Nebraska, Kansas, Missouri, Iowa and Illinois got some rains overnight, but they were too light to do much good. As a result, there will still be declining yields in those areas, Karst said, especially for corn.
"Corn is already brown so whatever yield has been established for corn that will be the final count," he said.
Karst said there had been forecasts for 1.5 to 3 inches in portions of the southwestern Midwest, but the rains were lighter than had been predicted.
There was generally a half inch or less, with locally heavier amounts, mainly in the north into Iowa of 1 to 1-1/2 inches.

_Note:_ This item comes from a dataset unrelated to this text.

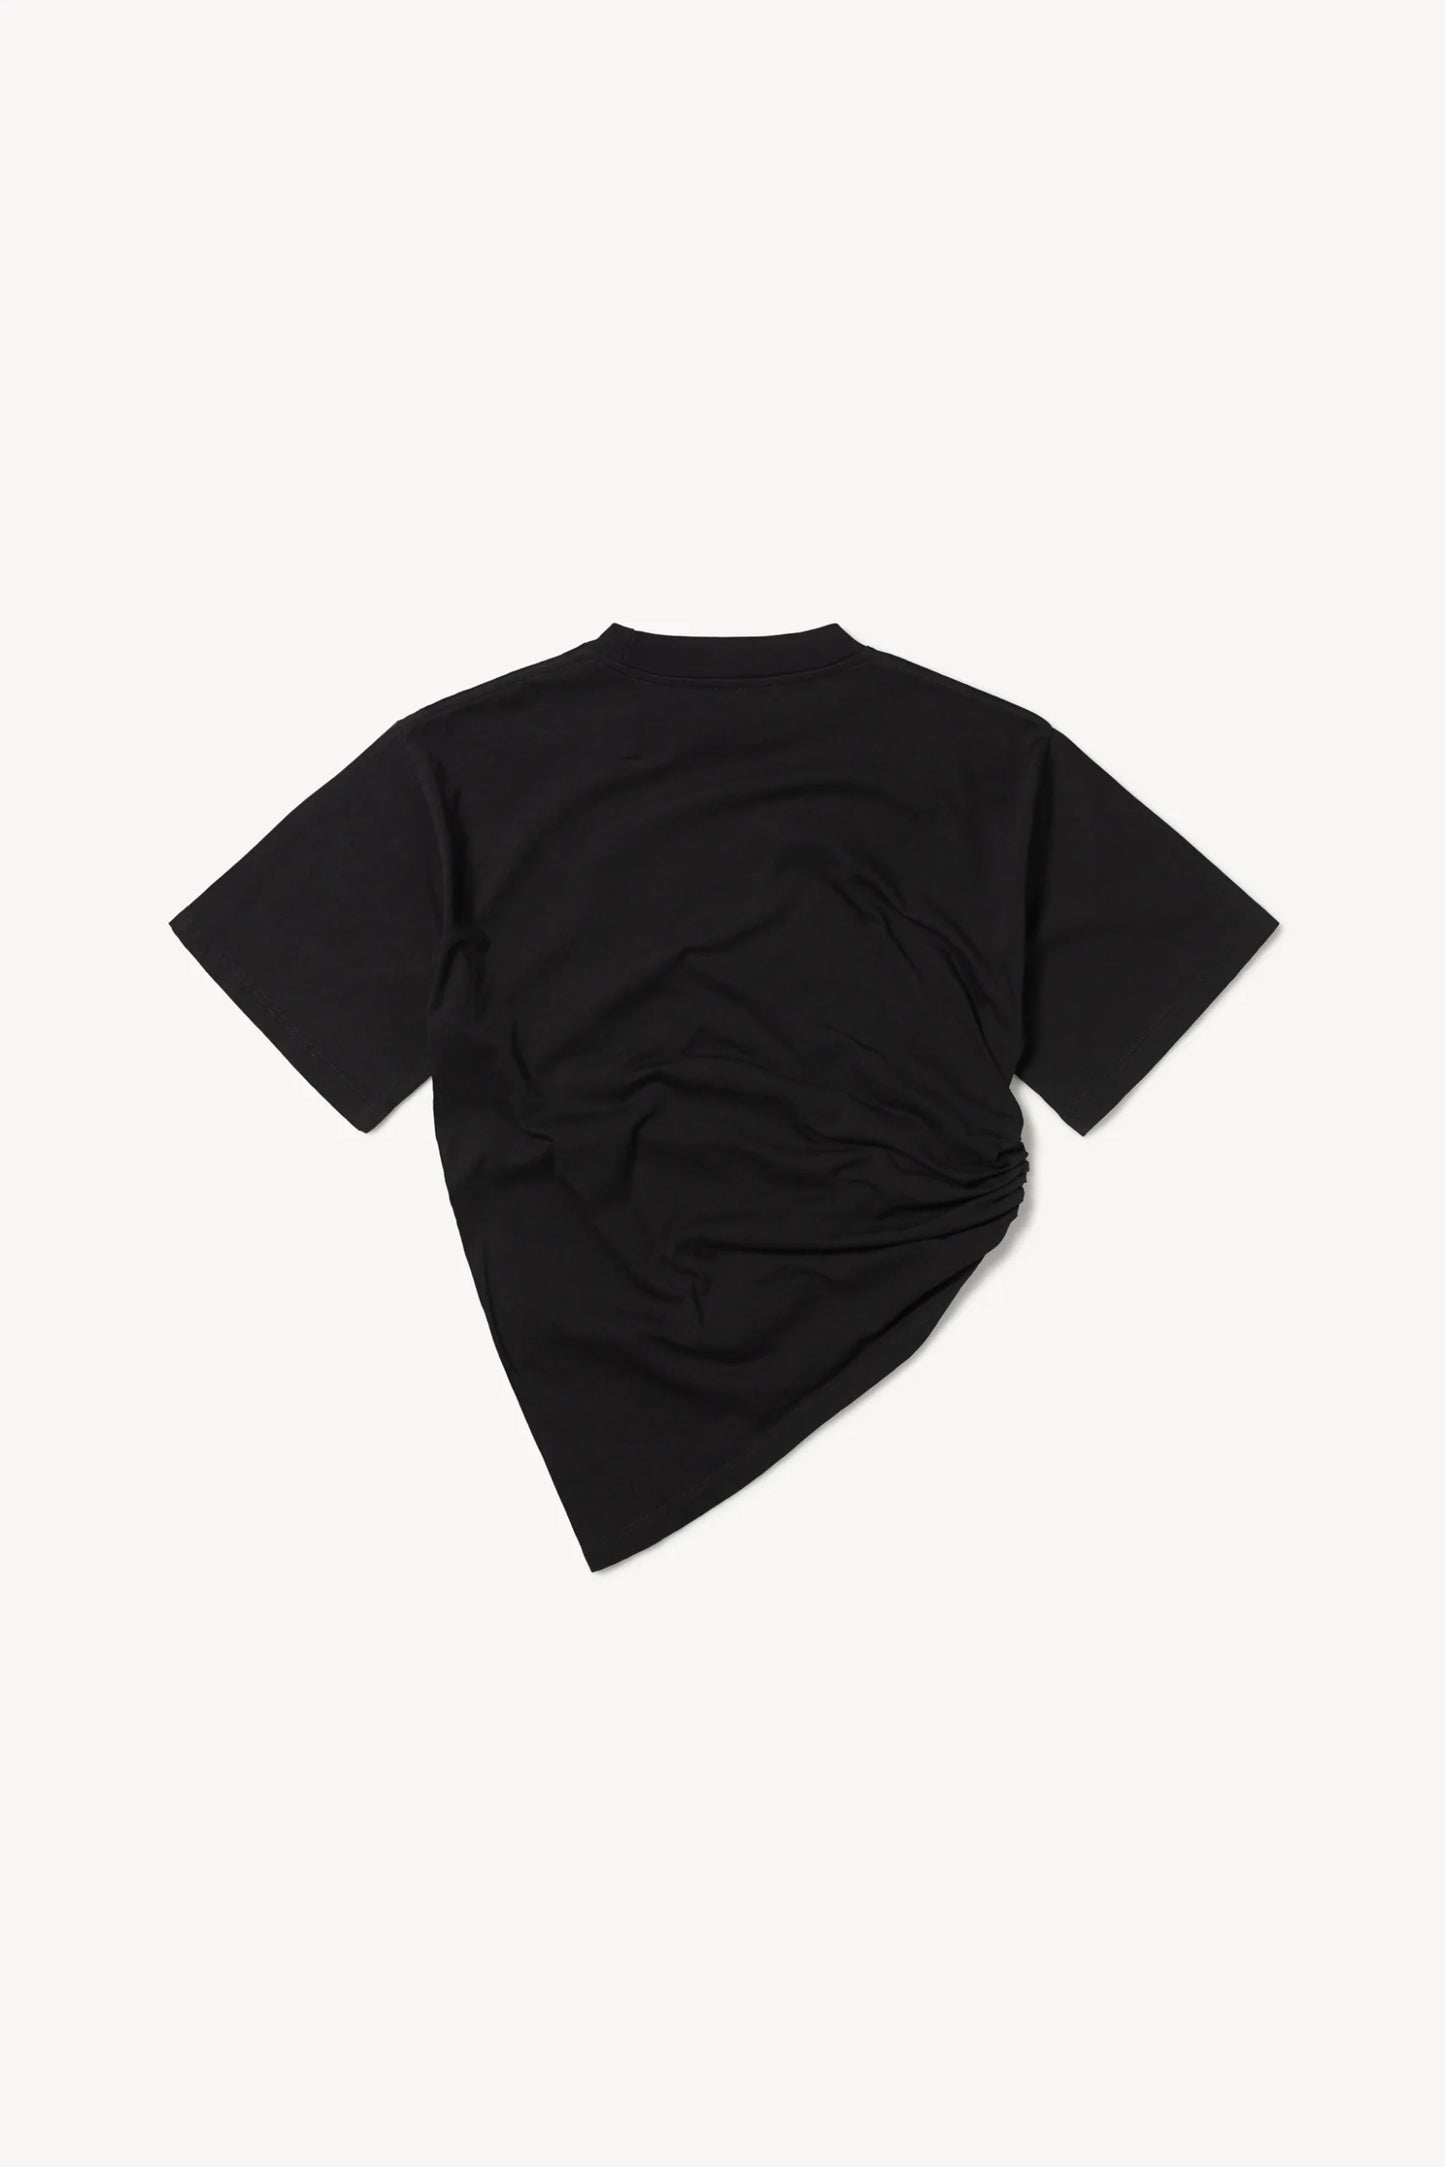 Scan Temple, Black, T-Shirt

Heavier rainfall was very localized, he added.
"Shenandoah, Iowa got 1.5 inches, the biggest downpours were in the north into Iowa but they were pretty isolated," Karst said.
Karst said hot weather would continue in the southwest with highs in the 90s to low 100s degrees Fahrenheit, but more moderate temperatures in the 80s and low 90s would prevail elsewhere.
Commodity Weather Group (CWG) on Thursday said roughly two-thirds of the Midwest would get up to 0.50 inch of rain or more by Monday.
Thundershowers overnight in the southeast included at least a half inch of rain in 40 percent of Iowa and close to 25 percent of the Midwest overall.
Scattered showers will extend eastward on Thursday into Illinois, Indiana and Ohio, with additional rain likely in the central and northwestern Midwest Saturday through Monday.
CWG said the rains would temporarily ease moisture stress, mainly aiding soybeans.